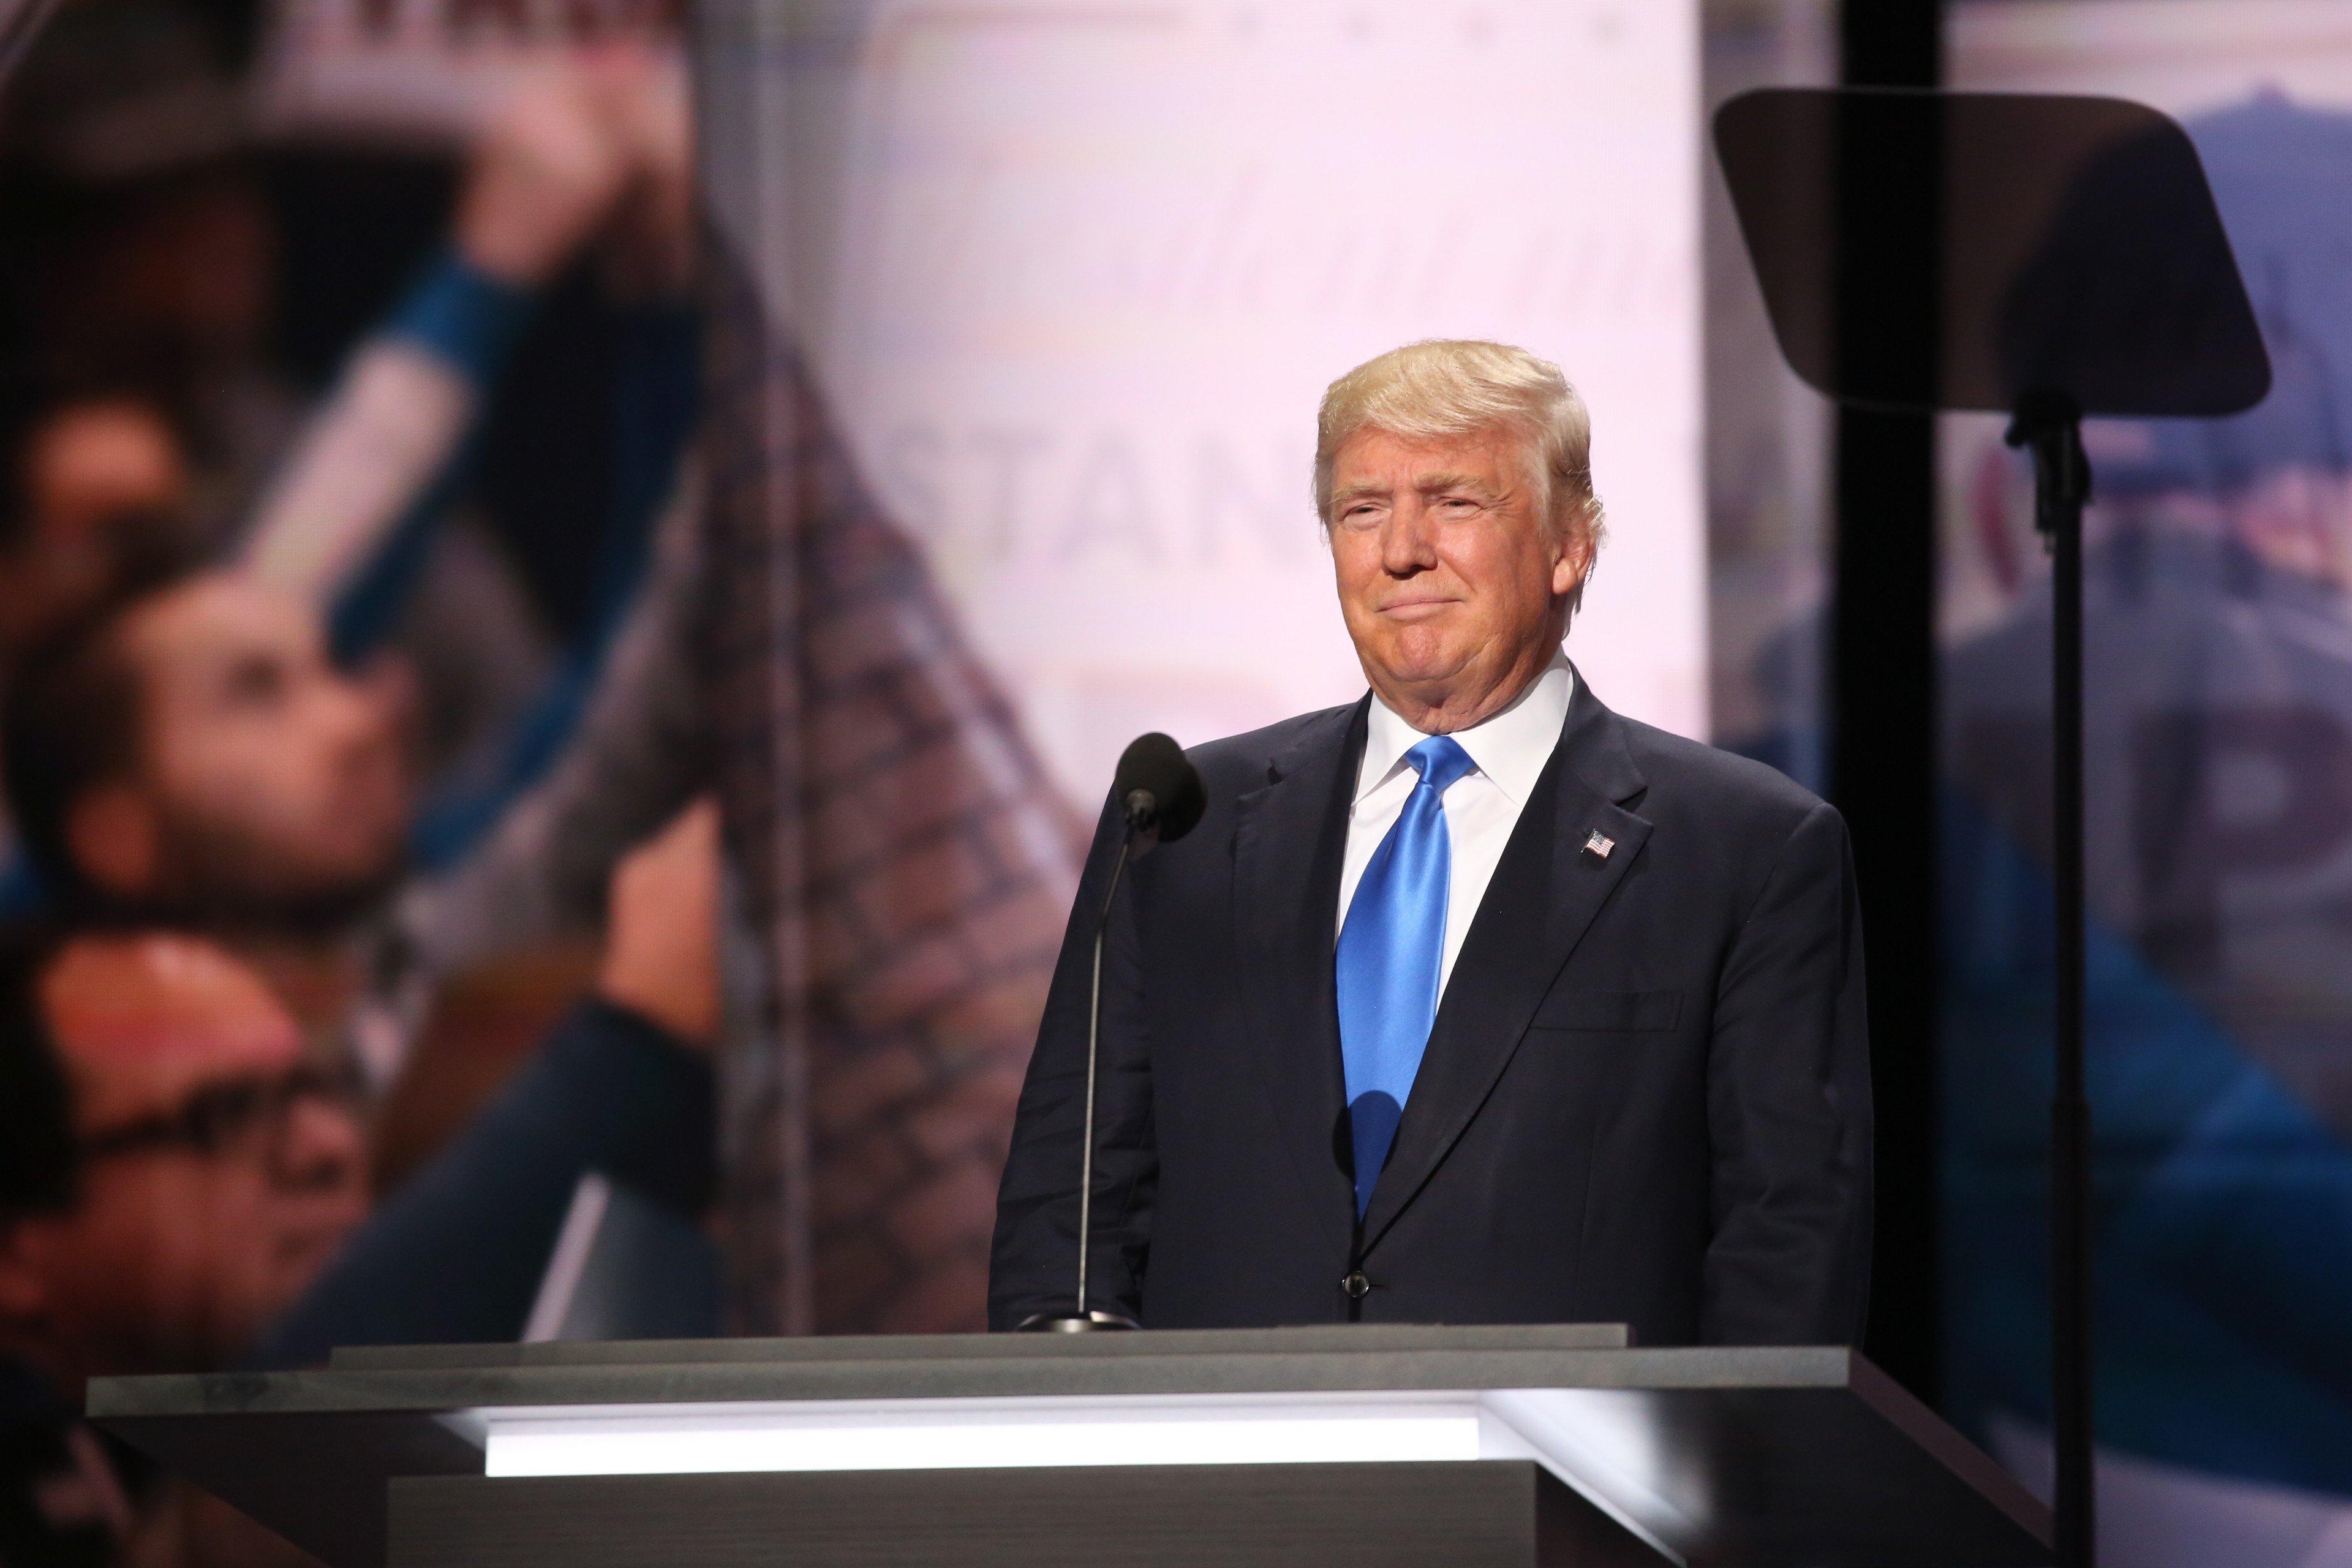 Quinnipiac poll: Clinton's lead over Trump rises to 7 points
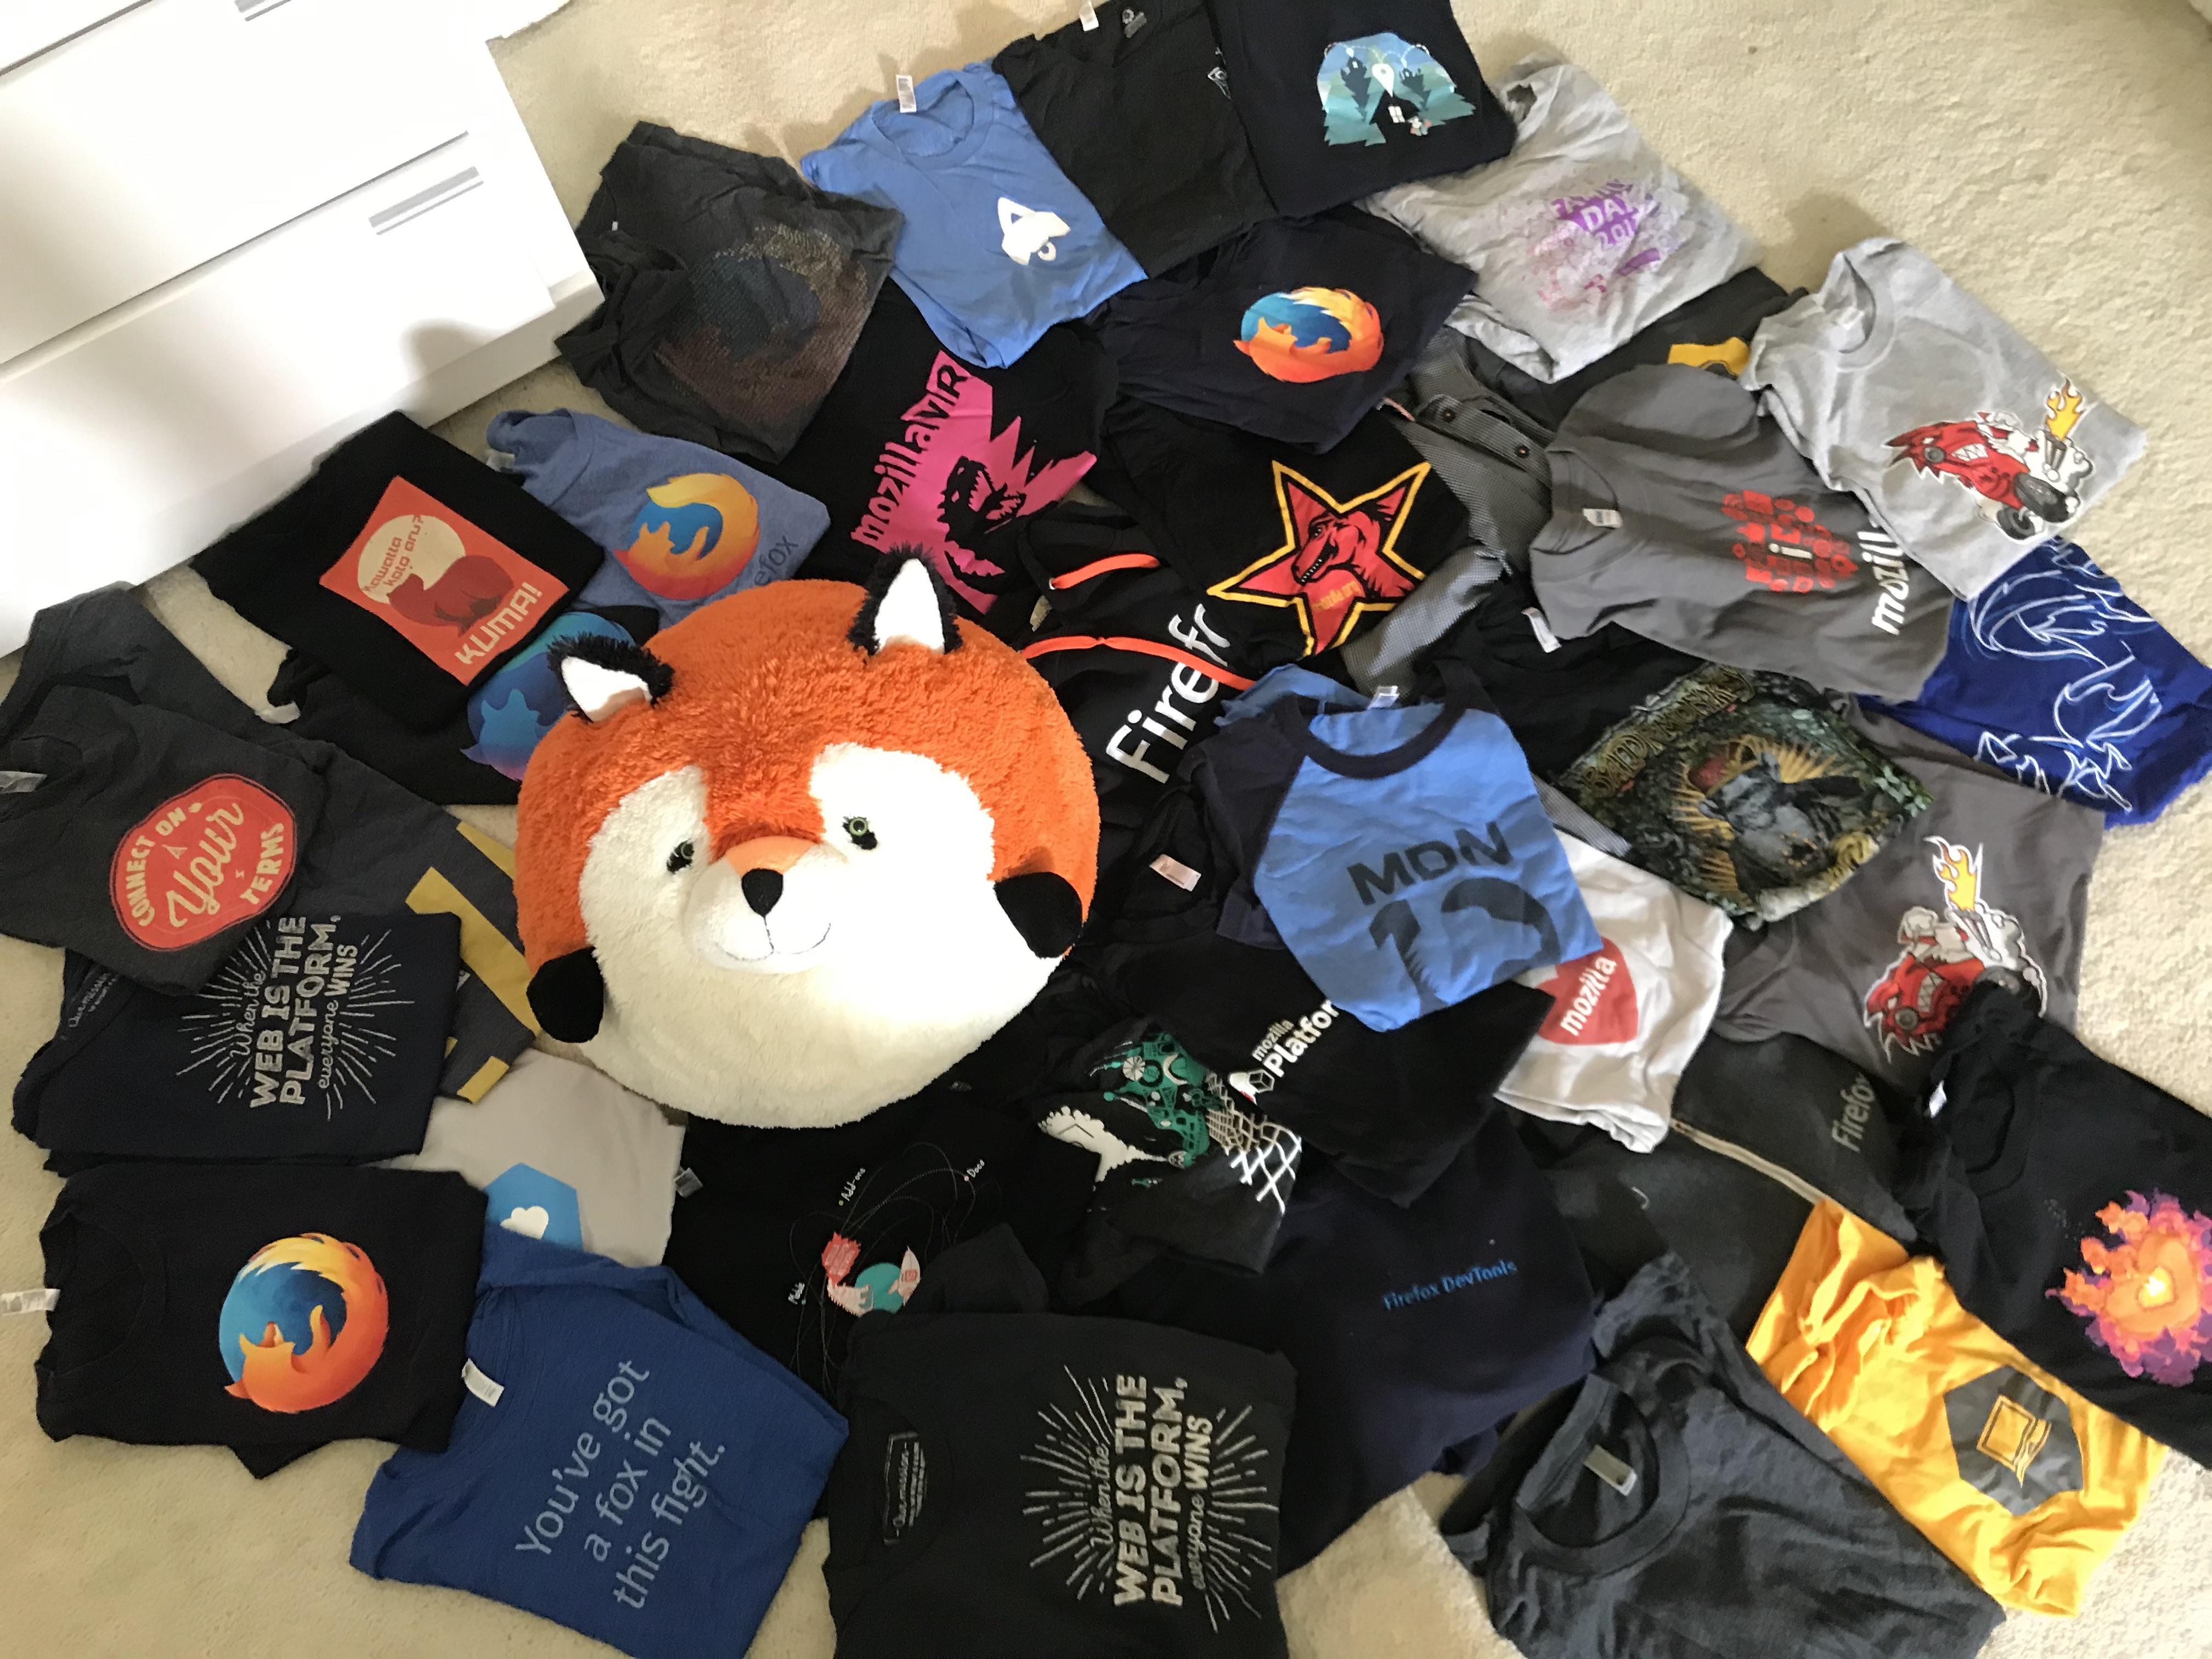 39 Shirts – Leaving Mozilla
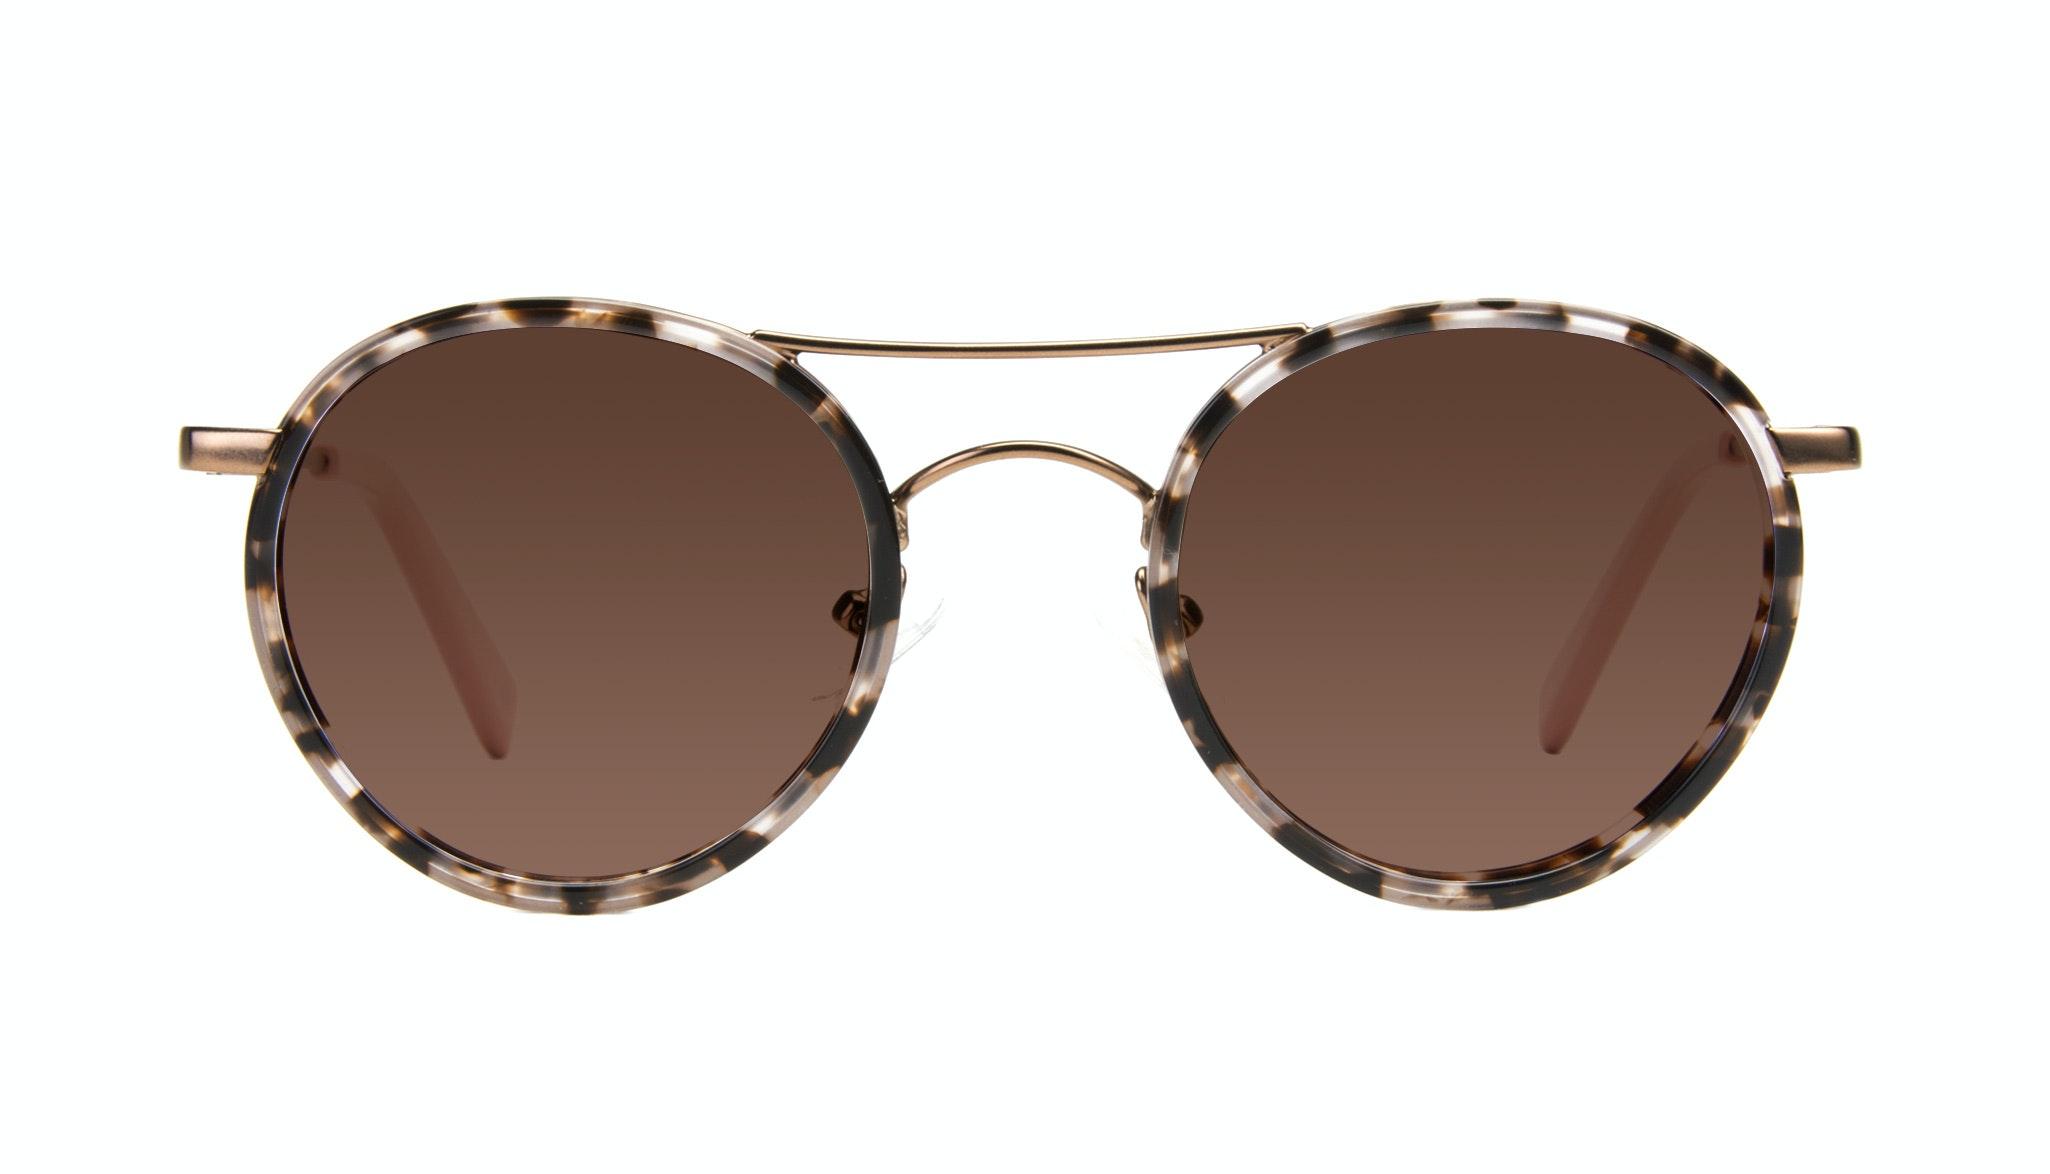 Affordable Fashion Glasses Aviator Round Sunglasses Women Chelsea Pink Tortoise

» **What is needed**
The answer must consist solely of the lines from the one with "39 Shirts – Leaving Mozilla" through the final line of the data, each reproduced exactly and with pictures omitted.

» **Answer for this exercise**
 39 Shirts – Leaving Mozilla
 Affordable Fashion Glasses Aviator Round Sunglasses Women Chelsea Pink Tortoise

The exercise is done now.